L’orage tonne violemment dans mon dos. Sur ma droite, des paysans se hâtent de ramasser les foins avant que la pluie s’abatte, sans doute inquiets pour leur récolte. Un foin mouillé est de très mauvaise qualité.
En moins de temps qu’il ne m’en faut pour trouver un abri, toute l’eau du ciel s’est abattue sur moi. Je n’étais pourtant plus qu’à cinq cents mètres du gîte d’étape de l’Hospitalet, quelques kilomètres avant le village de Barre-des-Cévennes. Je martèle la porte exposée aux intempéries sans que quiconque ne vienne m’ouvrir. Quelques marches plus bas, un petit poulailler m’offre un abri de fortune en attendant que la pluie cesse. Les poules ne semblent guère apprécier l’intrus. Chaussures et sac à dos pataugeant dans la fiente, je patiente, gelé, jusqu’au retour subit du soleil.
Bienvenue à l’Hospitalet!
Après une ultime tentative à la porte du gîte pour signaler ma présence, une femme, d’un âge avancé, à l’expression peu avenante, entrouvre et me dit d’un ton mi-amer, mi-moqueur: « vous n’aviez pas réservé. C’est parce qu’il pleut que vous vous arrêtez ici, sinon vous auriez filé ». Après l’averse, la douche froide ! J’espérais un accueil plus chaleureux. Quelques secondes d’hésitation me sont nécessaires avant d’accepter d’entrer chez elle, préférant finalement la nuit sous son toit plutôt qu’un repli inévitable sous ma tente.

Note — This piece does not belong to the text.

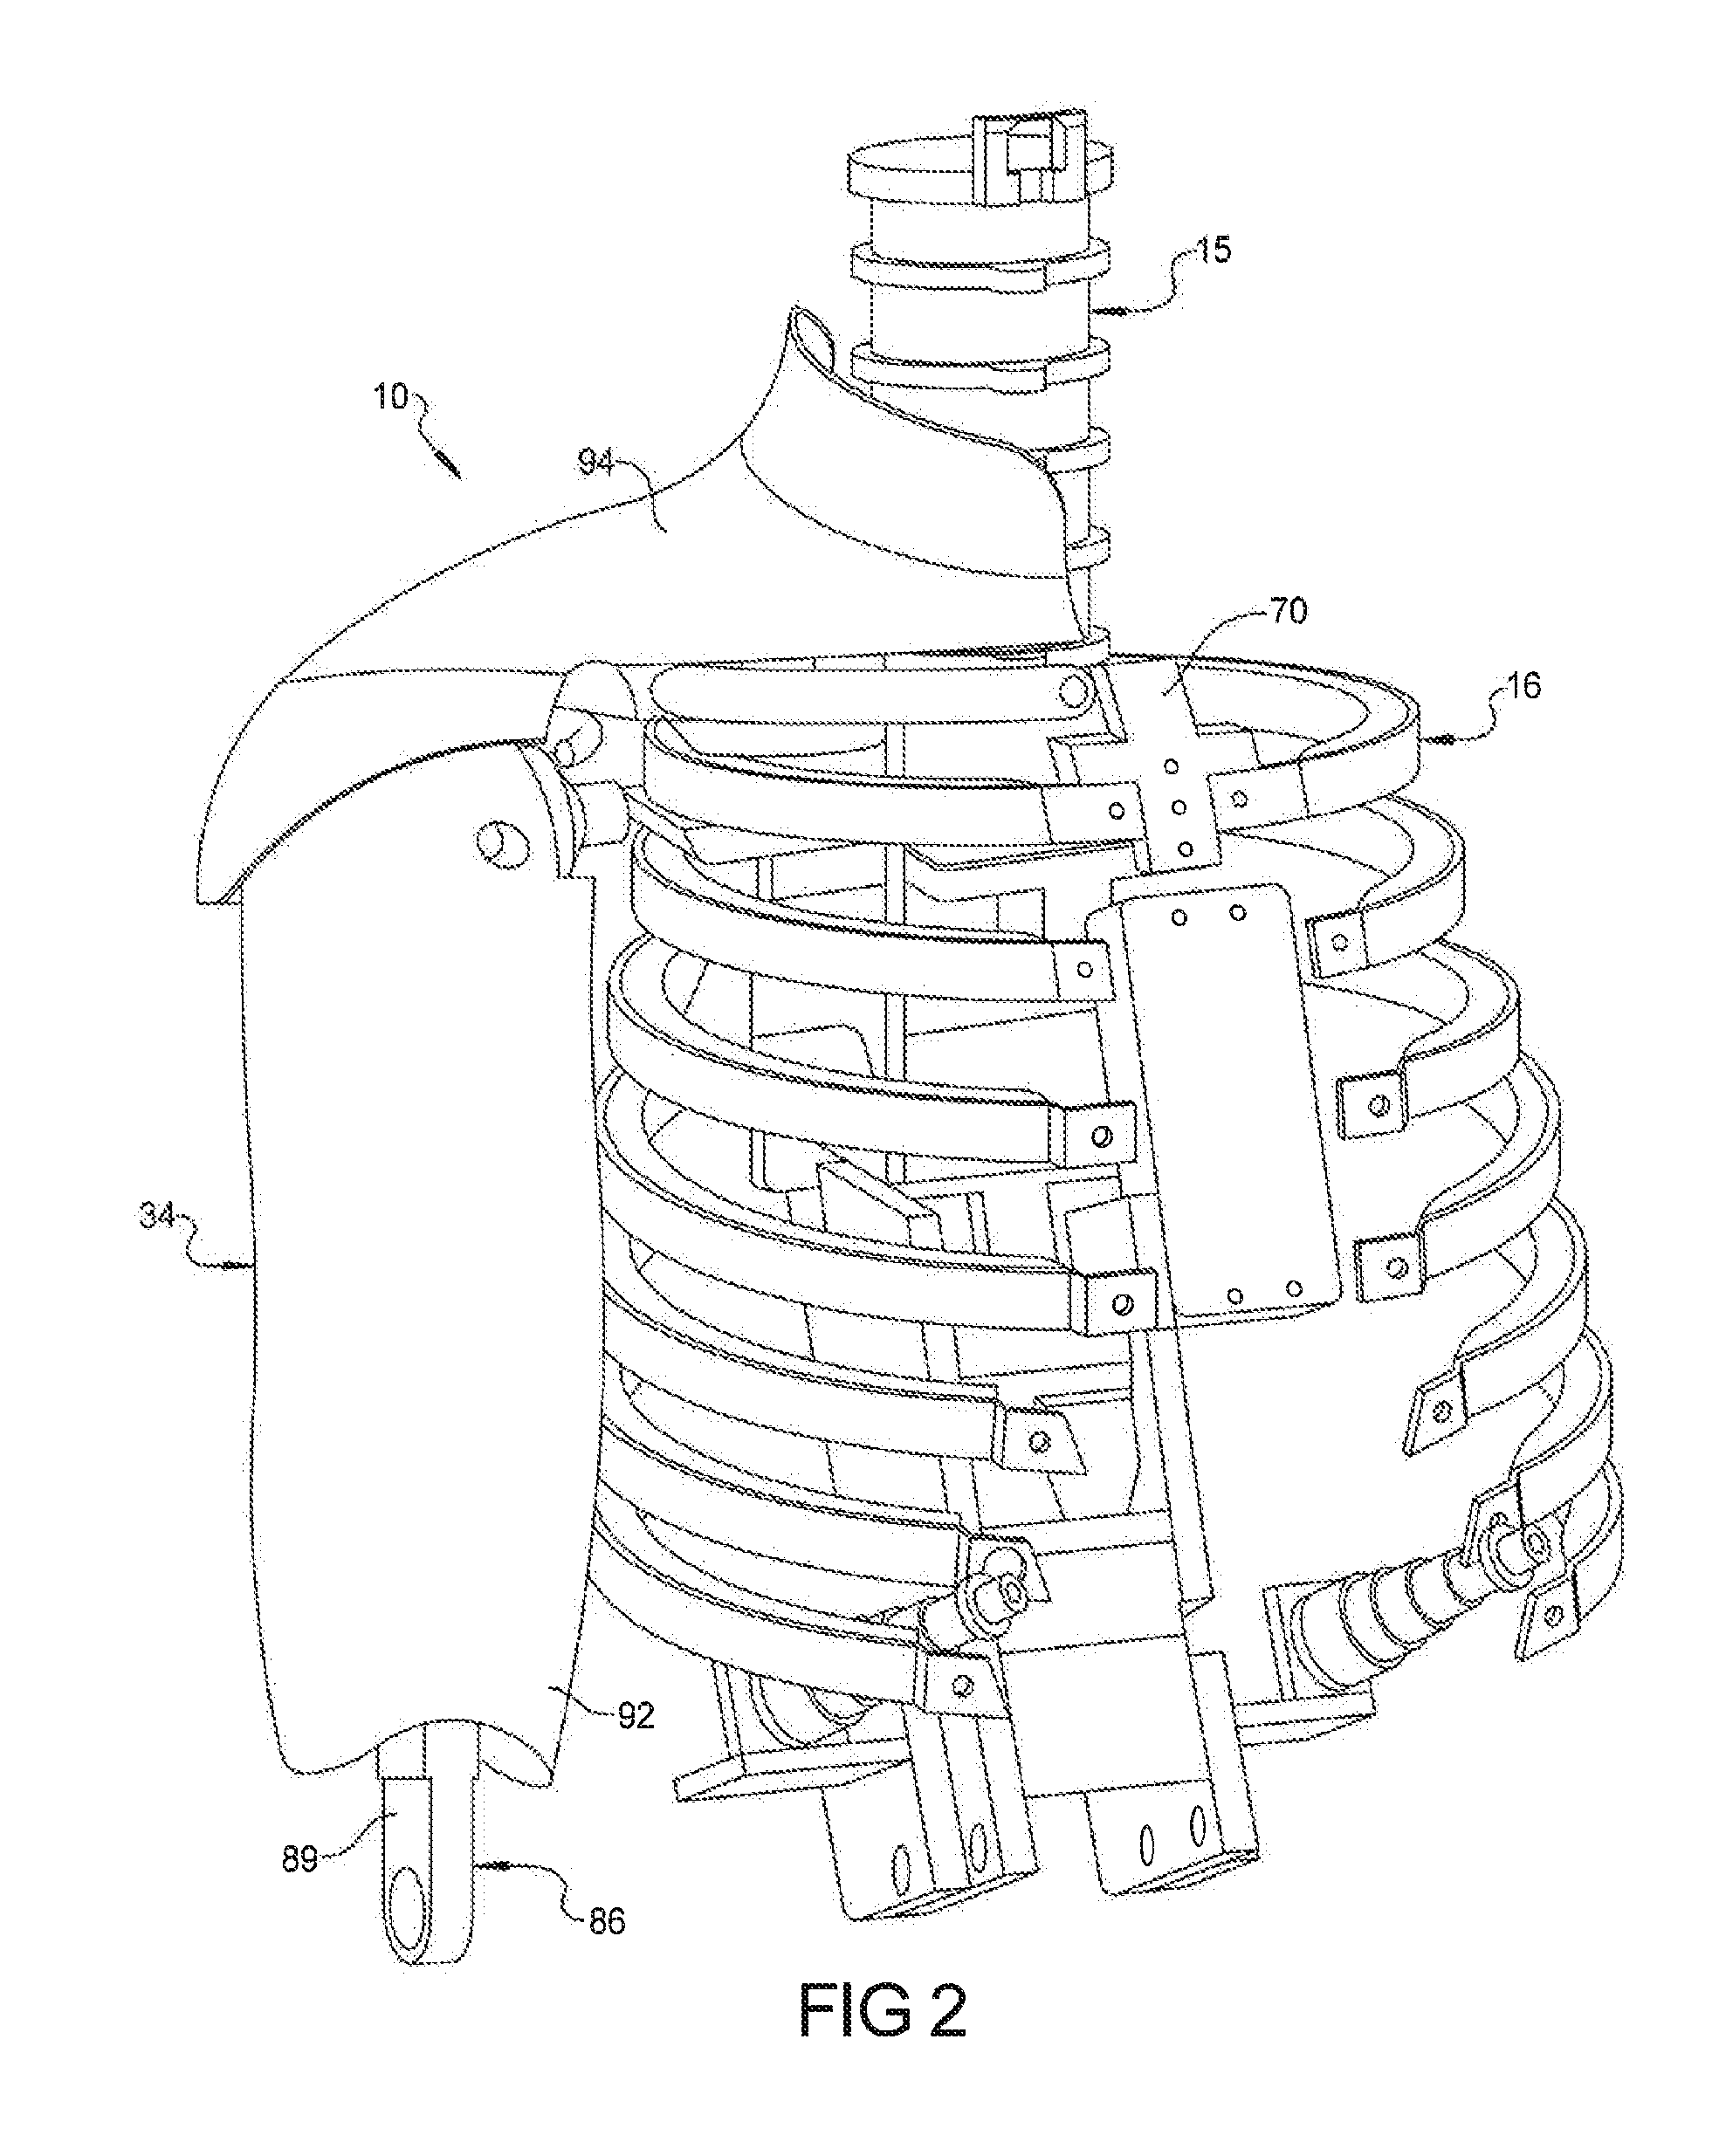 Shoulder and upper arm assembly for crash test dummy

L’intérieur n’est guère plus chaleureux. Une forte odeur animale règne dans le dortoir vide au confort très sommaire. Pas vraiment l’endroit pour passer ses vacances ! Installé dans la cuisine offrant le minimum de commodités, j’attends de la soirée qu’elle se déroule le plus vite possible car, une fois remplis mes rituels sacrés du soir (hygiène, écriture, lecture) je tourne en rond en attendant l’heure du repas.

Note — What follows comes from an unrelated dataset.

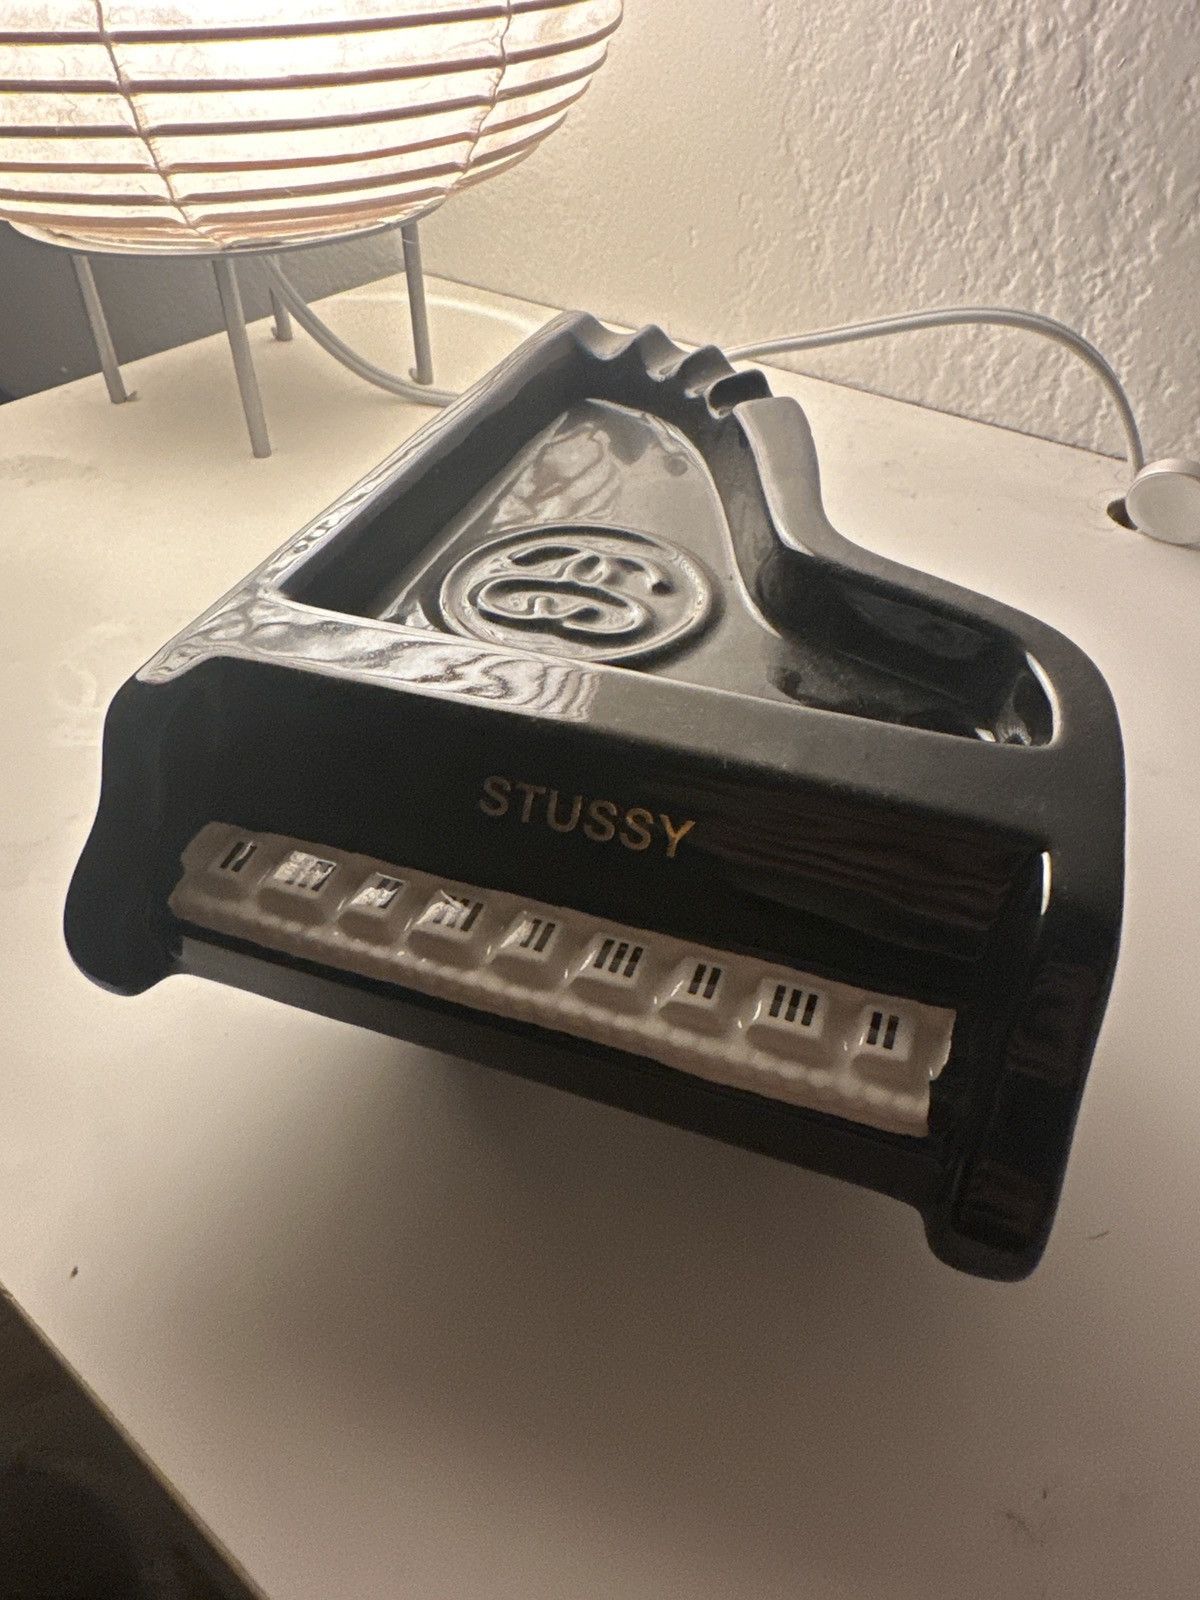 Stussy STUSSY PIANO ASHTRAY (VERY RARE) | Grailed

Le mari de mon hôtesse passe et repasse d’un pas lent dans le couloir, sans prêter la moindre attention à ma présence. Il transporte un seau qui ressemble à s’y méprendre à un pot de chambre.
Maudit Stevenson !
Alors que je prépare mon dîner, fort semblable à celui des jours précédents, mon hôtesse pénètre dans la cuisine et me propose trois œufs et un fromage produit avec le lait de ses vaches. Maryse, puisque c’est son prénom, a l’allure d’une vieille femme, mais son visage paraît étonnement jeune. Ses yeux pétillent de malice et elle semble avoir un humour ravageur. Elle s’avère finalement très loquace et m’explique qu’elle est désabusée car le GR7 qui longe son gîte d’étape est depuis plusieurs années délaissé au profit du chemin de Stevenson qui passe quelques kilomètres plus à l’est. Les randonneurs se font rares. Les derniers se sont arrêtés huit jours auparavant et les prochaines réservations sont prévues pour dans deux semaines. Son affaire n’est plus rentable, elle n’a plus les moyens de rénover ses installations.